Dr. Cowan had her mouth zipped tight. “What was the question?” she said, after a moment. Schultz grinned uncharitably. Norman was wilting.

“Other points of resemblance,” Velez Caputo said. “Looking at this note and this note only, Doctor.”

“The drawing at the bottom,” Dr. Cowan said, giving Caputo’s attitude back to her, with change. “It resembles a miniature, a painting on an illuminated manuscript. They’re not called miniatures because they’re small—

“Minium,” I said out loud. I felt as though I were saying it with someone else’s voice. Something that might have been a worm seemed to be crawling up my spine.

Velez Caputo shot me a glance, but Dr. Cowan rolled on.

“—but because they’re painted with a lead-based paint called minium. That’s one reason they lasted so—’
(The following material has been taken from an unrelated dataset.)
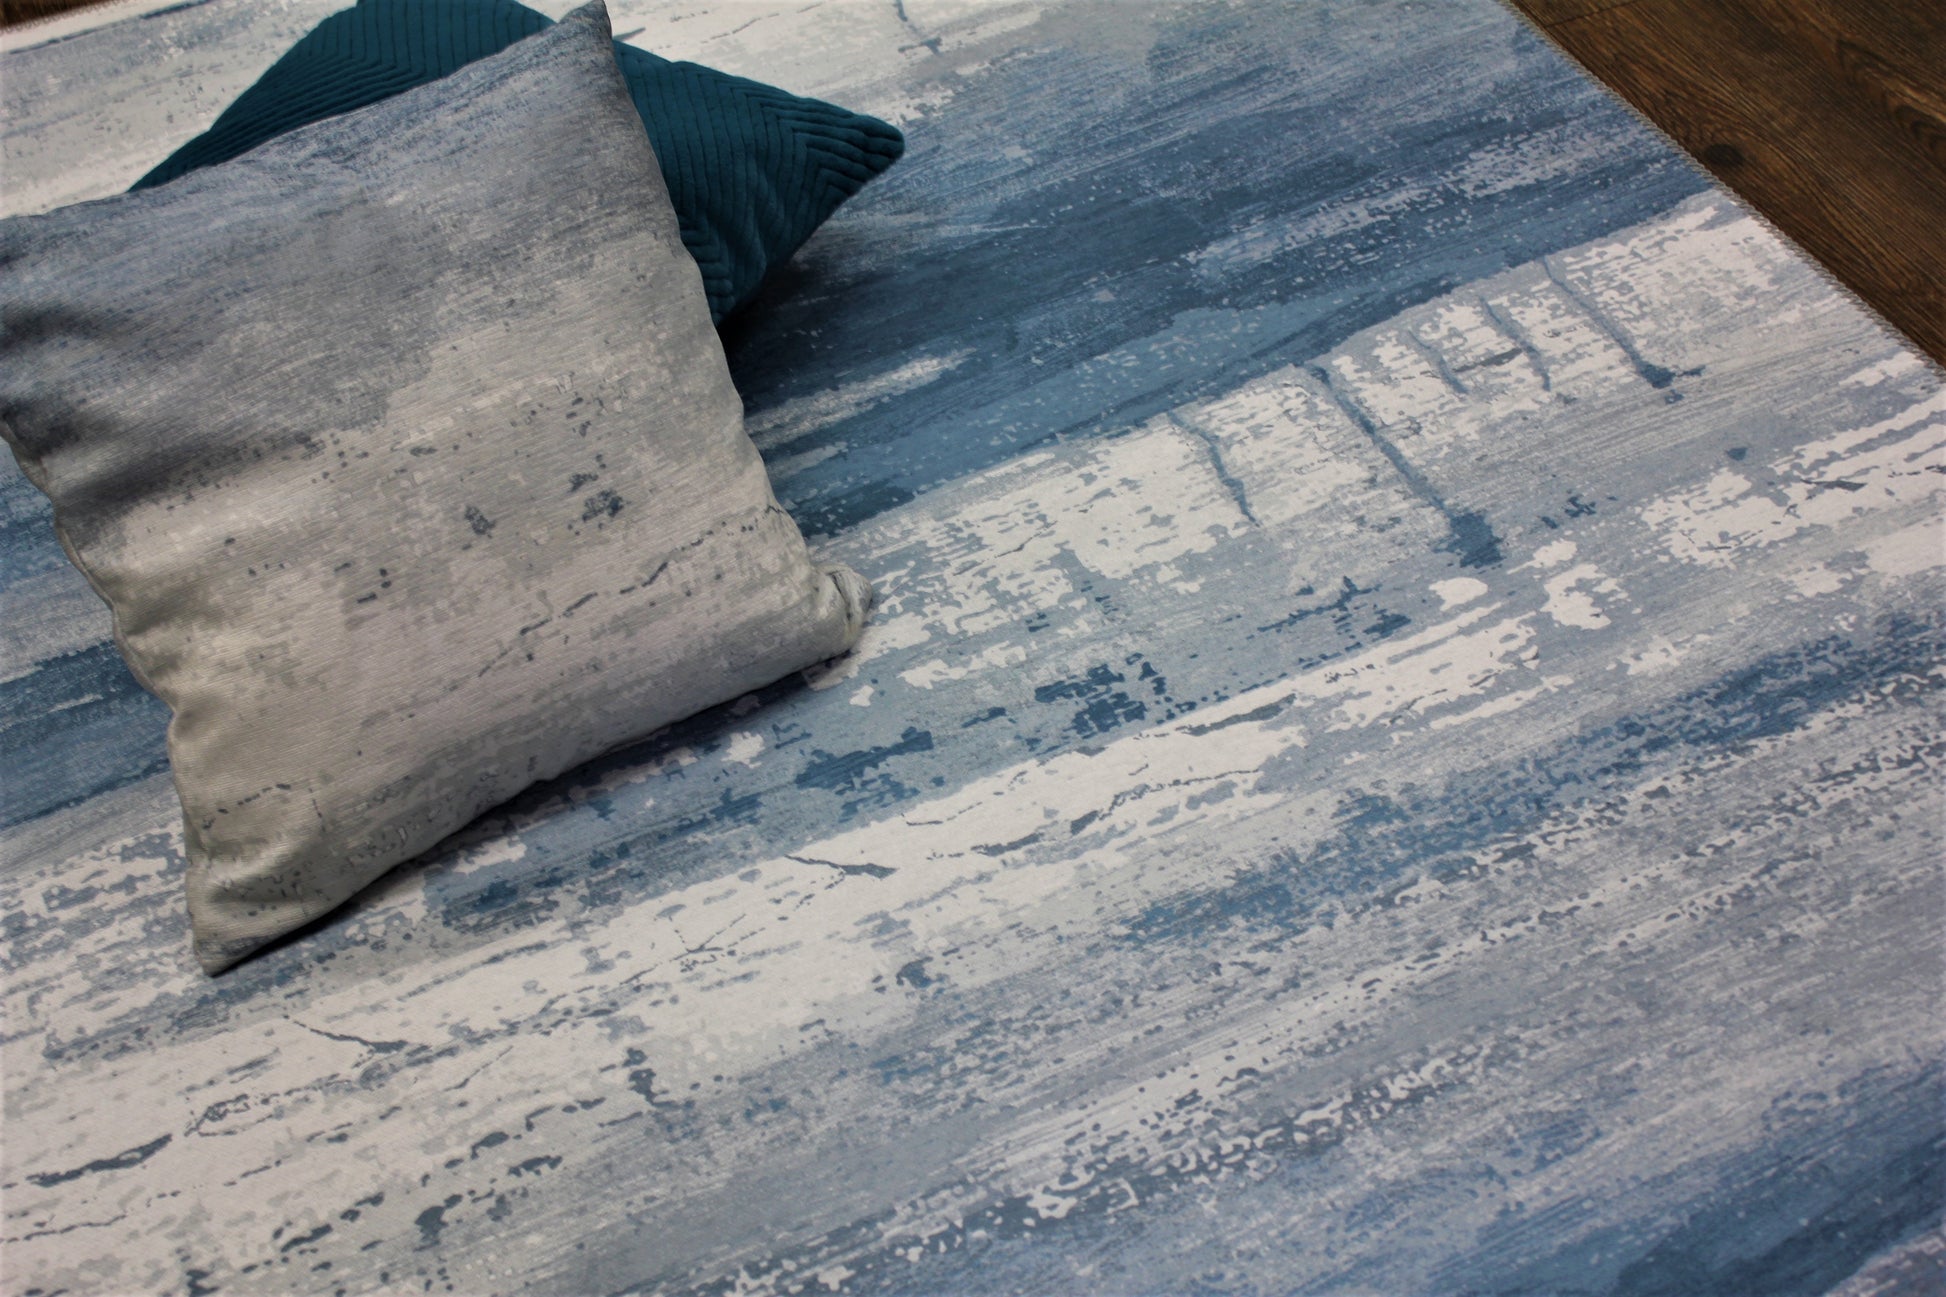 Blue Meadow Comfort Print Art Design Area Rug/ Carpet

“What do you know about minium, Mr. Grist?” Velez Caputo asked me. I shook my head. The worm, or the tremor, or whatever it was, had just about reached my shoulder blades.

“The big initial at the very beginning,” Velez Caputo said, giving up on me and turning back to Dr. Cowan.
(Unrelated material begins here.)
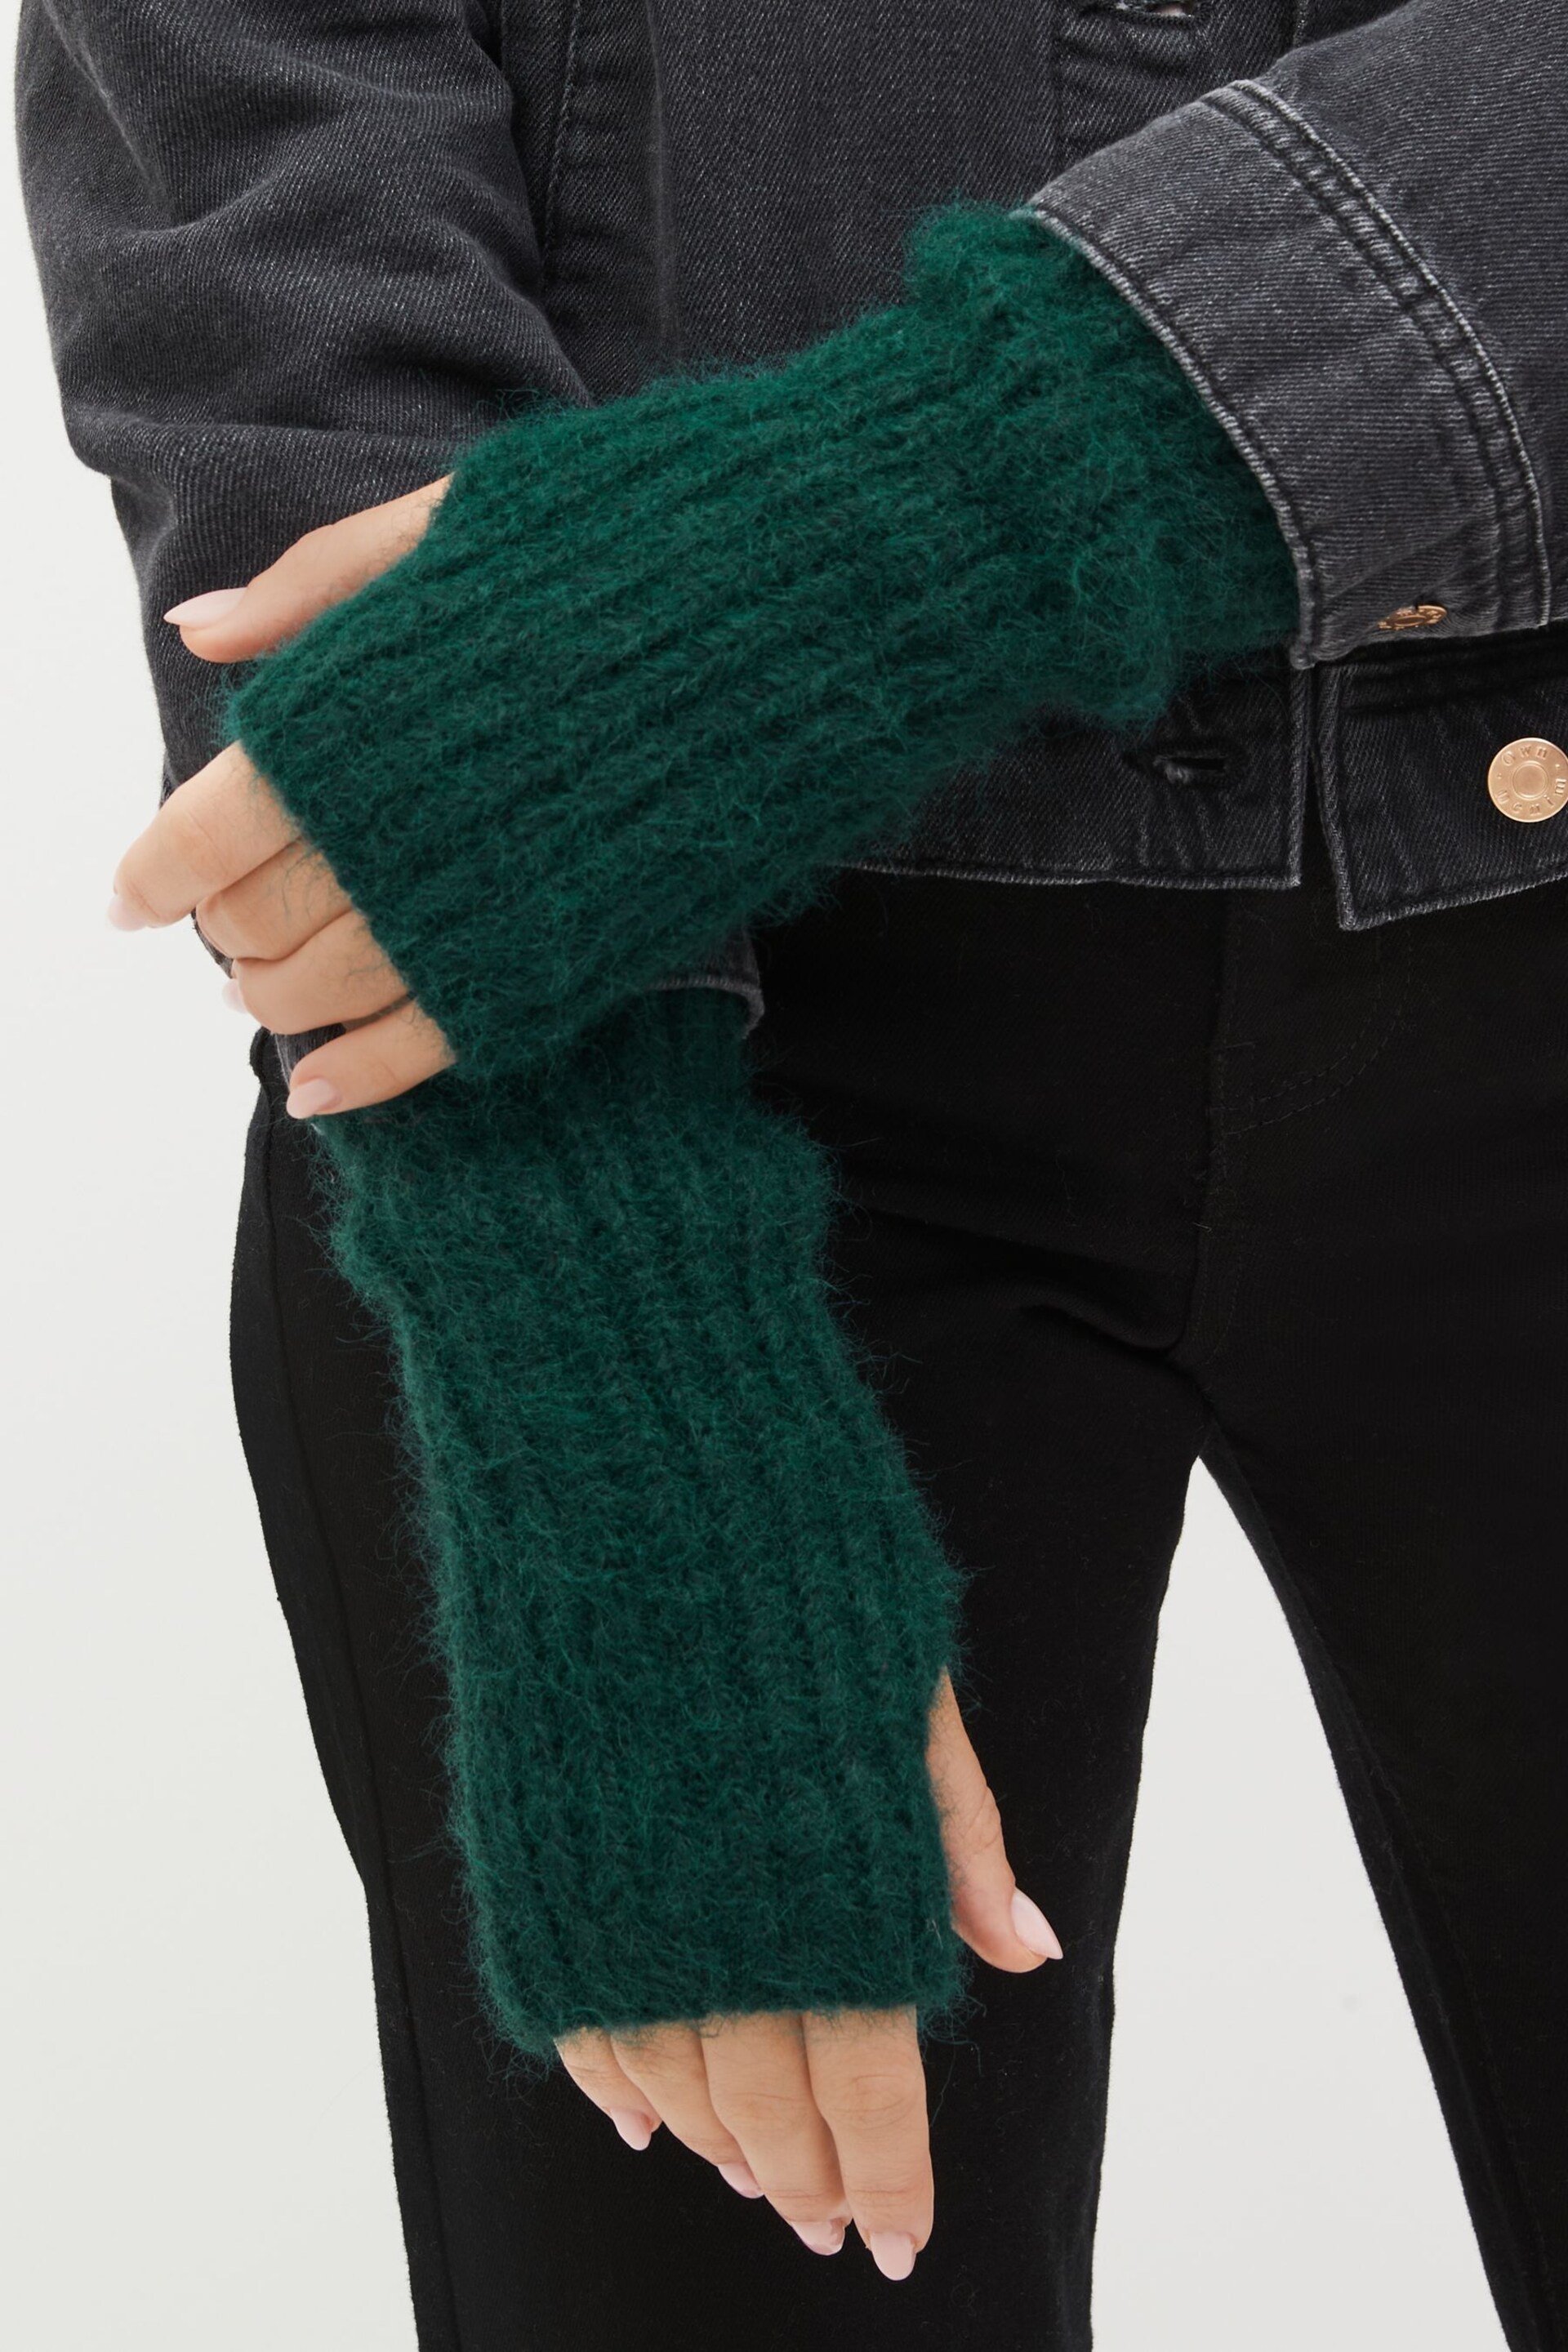 Green Knit Longline Handwarmers - Image 2 of 3

“It’s an historiated initial,” Dr. Cowan said tightly, and the little worm reached the back of my neck and set off a small firework inside my skull, and just for a moment I saw a face, a very young face, and then it broke and shivered apart like a reflection
in
water that’s been disturbed.

“… They have scenes painted in them,” Dr. Cowan said. Schultz was staring at me as though I’d popped out in spots. “Or around them, like this one,” she added, apparently unable to stop talking.

“So what does this tell us about the man who wrote this note?” Caputo asked, happy to be back on track.

My ears were humming, but I gathered that it meant that the Incinerator had some training in art history.